--- Required action ---
Pictures in the listing below are skipped, while the lines from the "Snake Cardboard Crafts For Kids" line through the "2 - Fica acrescido" line are returned word for word.

--- Data in this exercise ---
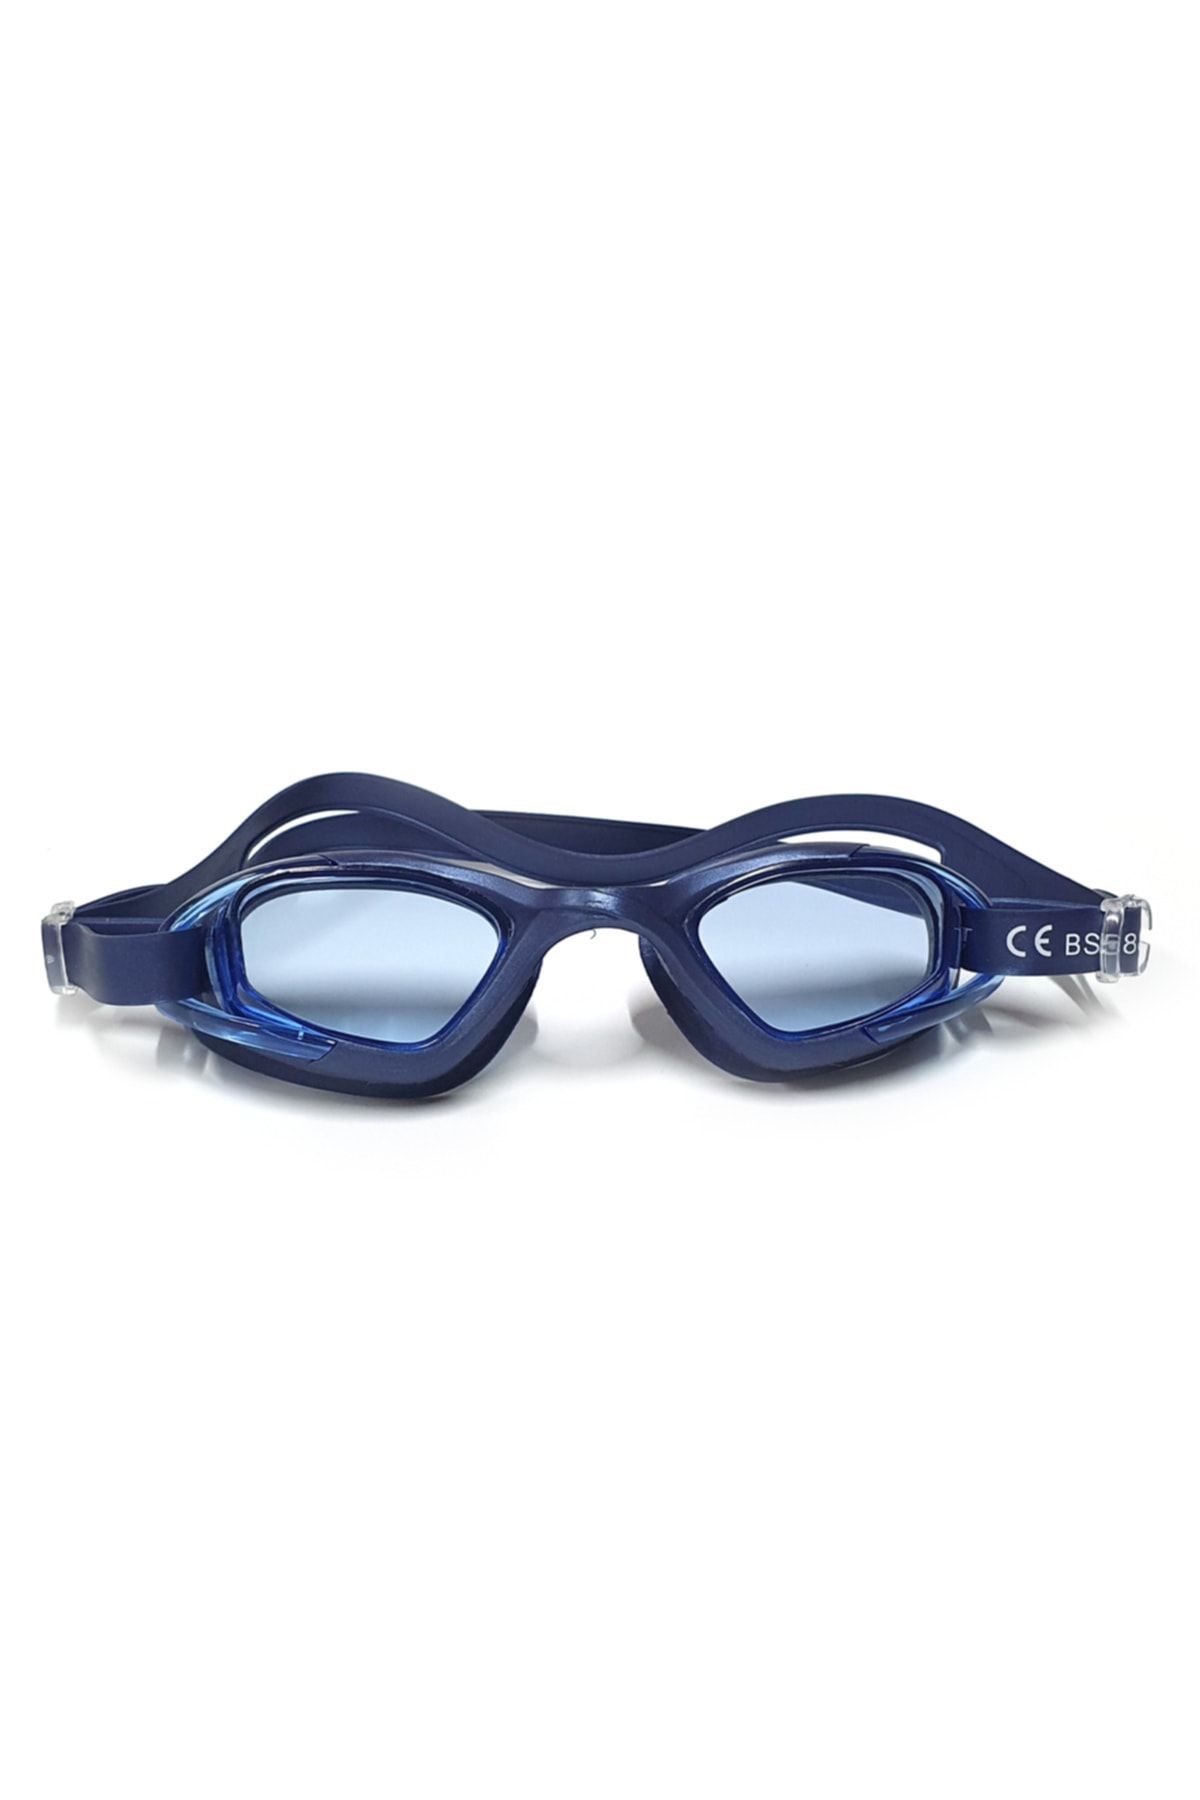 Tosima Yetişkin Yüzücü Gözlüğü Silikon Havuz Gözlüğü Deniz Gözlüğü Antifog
...
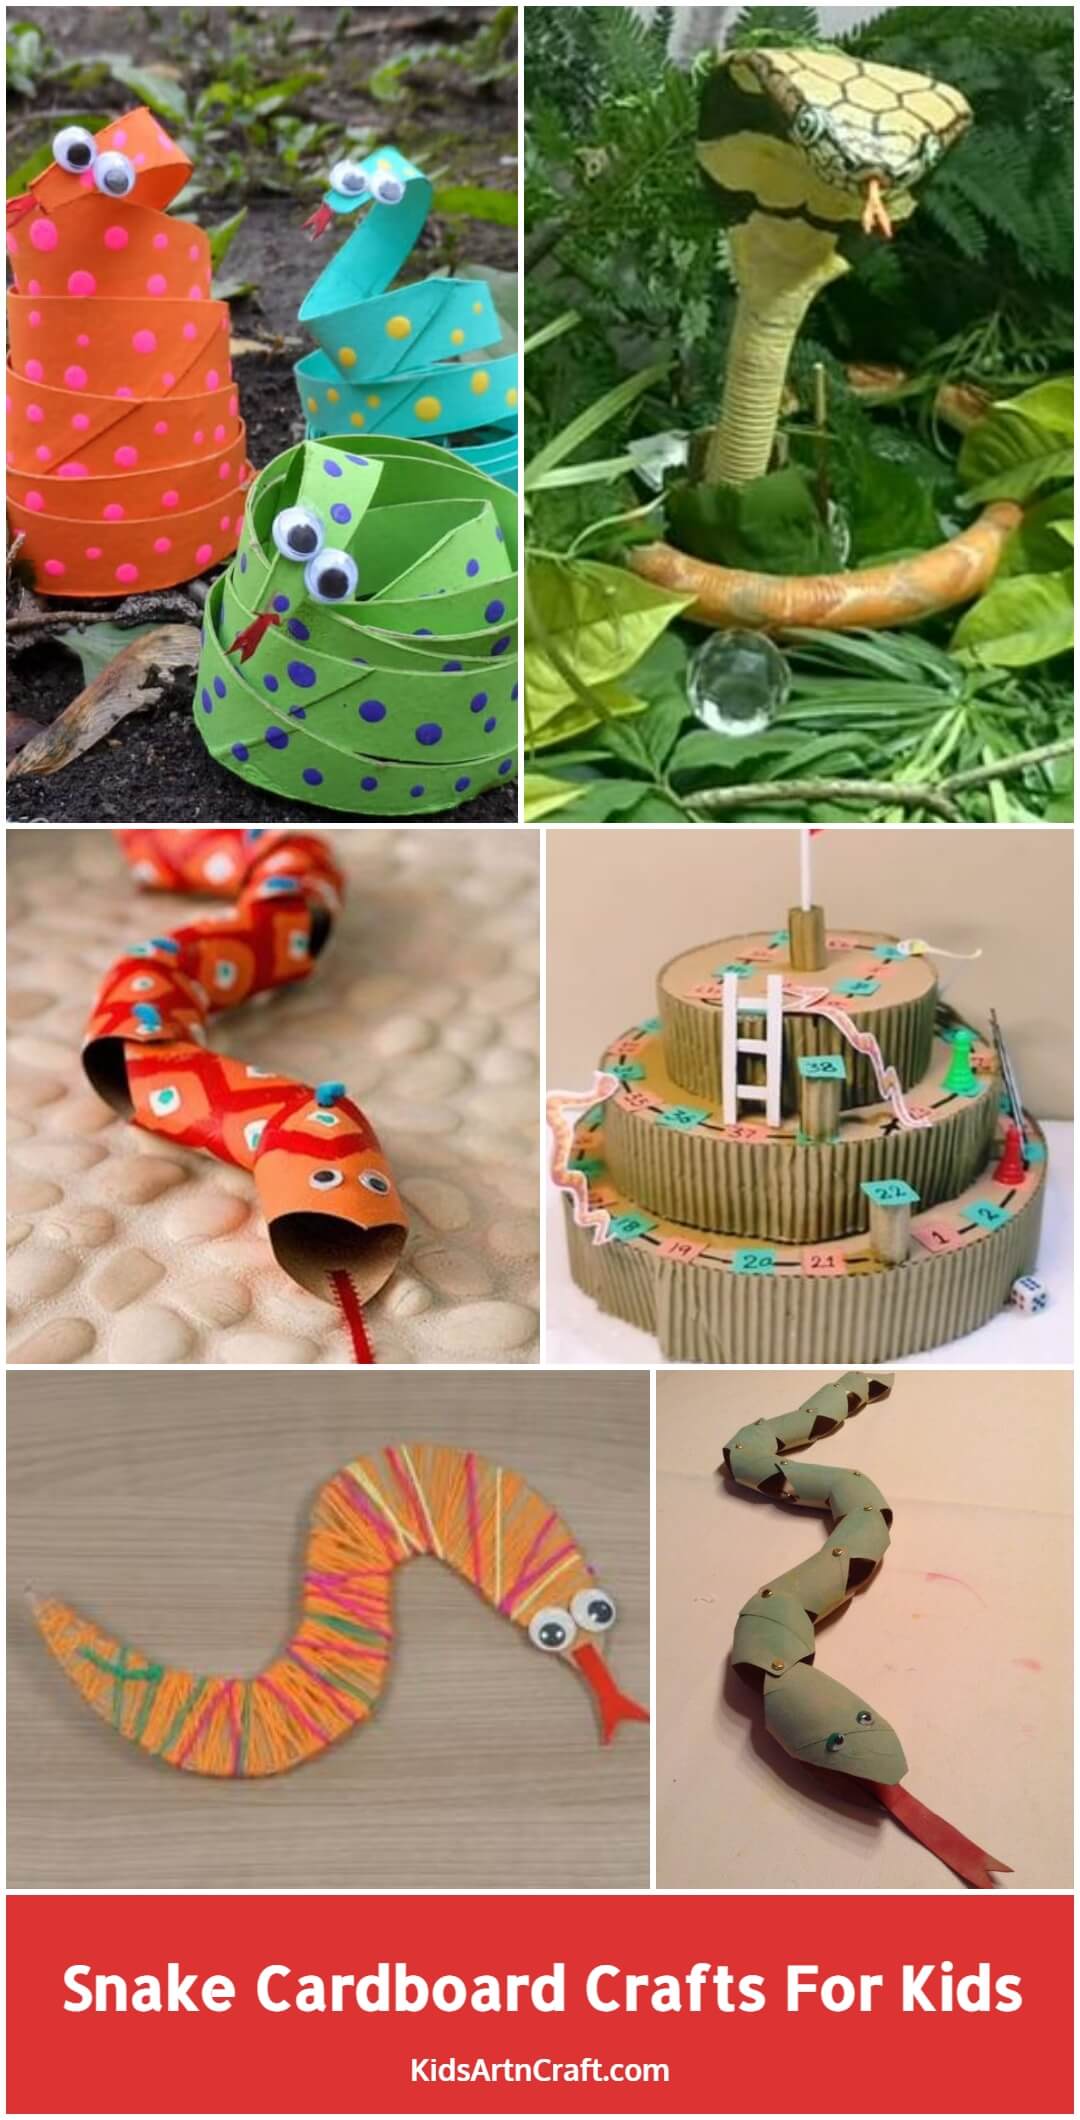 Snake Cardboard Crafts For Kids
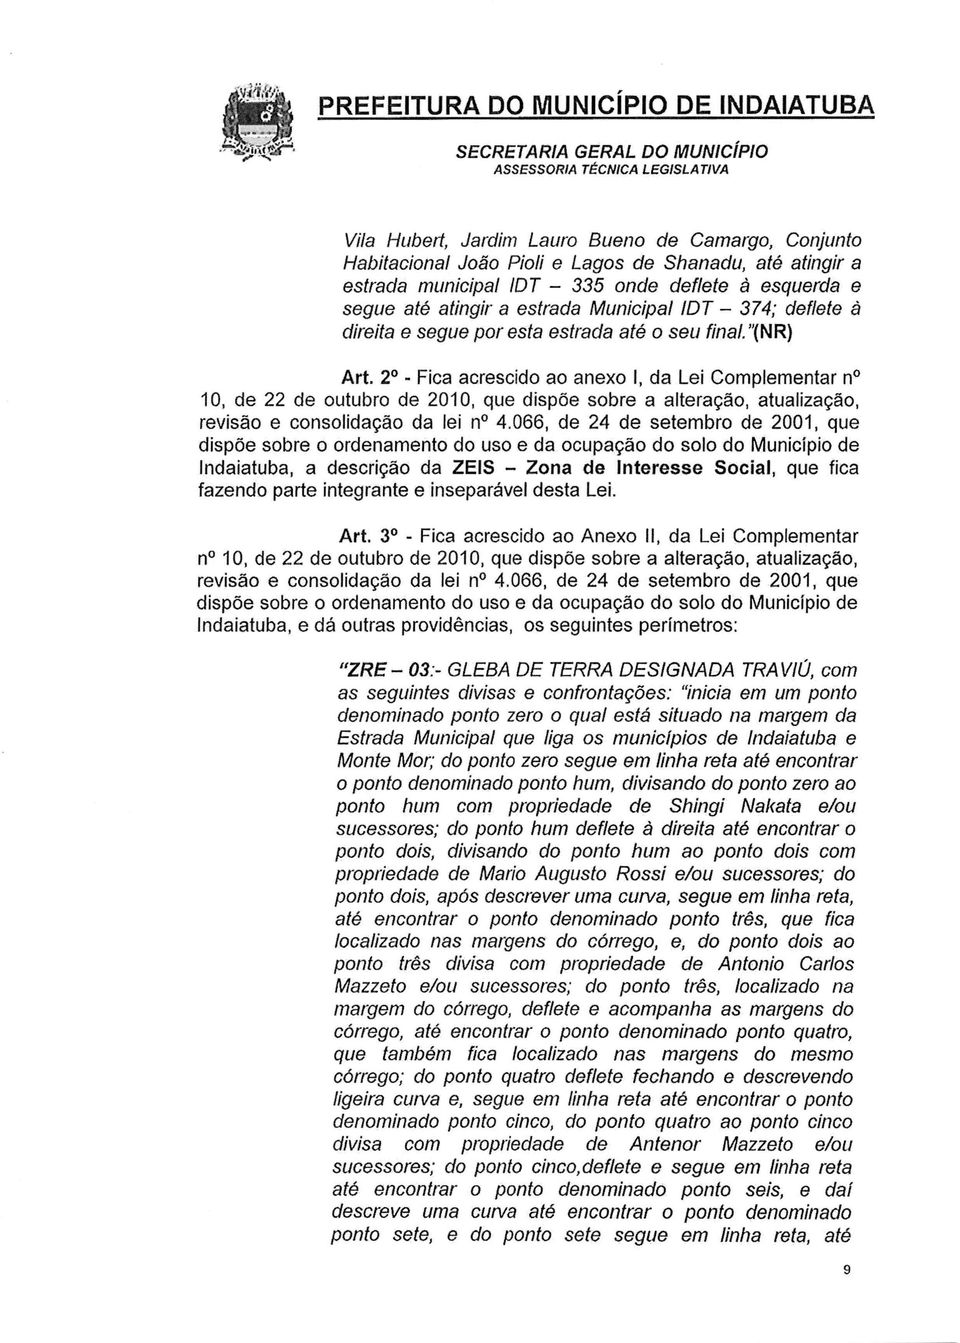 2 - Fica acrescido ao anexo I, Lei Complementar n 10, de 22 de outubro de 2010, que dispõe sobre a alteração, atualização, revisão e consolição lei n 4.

--- Exercise answer ---
 Snake Cardboard Crafts For Kids
 2 - Fica acrescido ao anexo I, Lei Complementar n 10, de 22 de outubro de 2010, que dispõe sobre a alteração, atualização, revisão e consolição lei n 4.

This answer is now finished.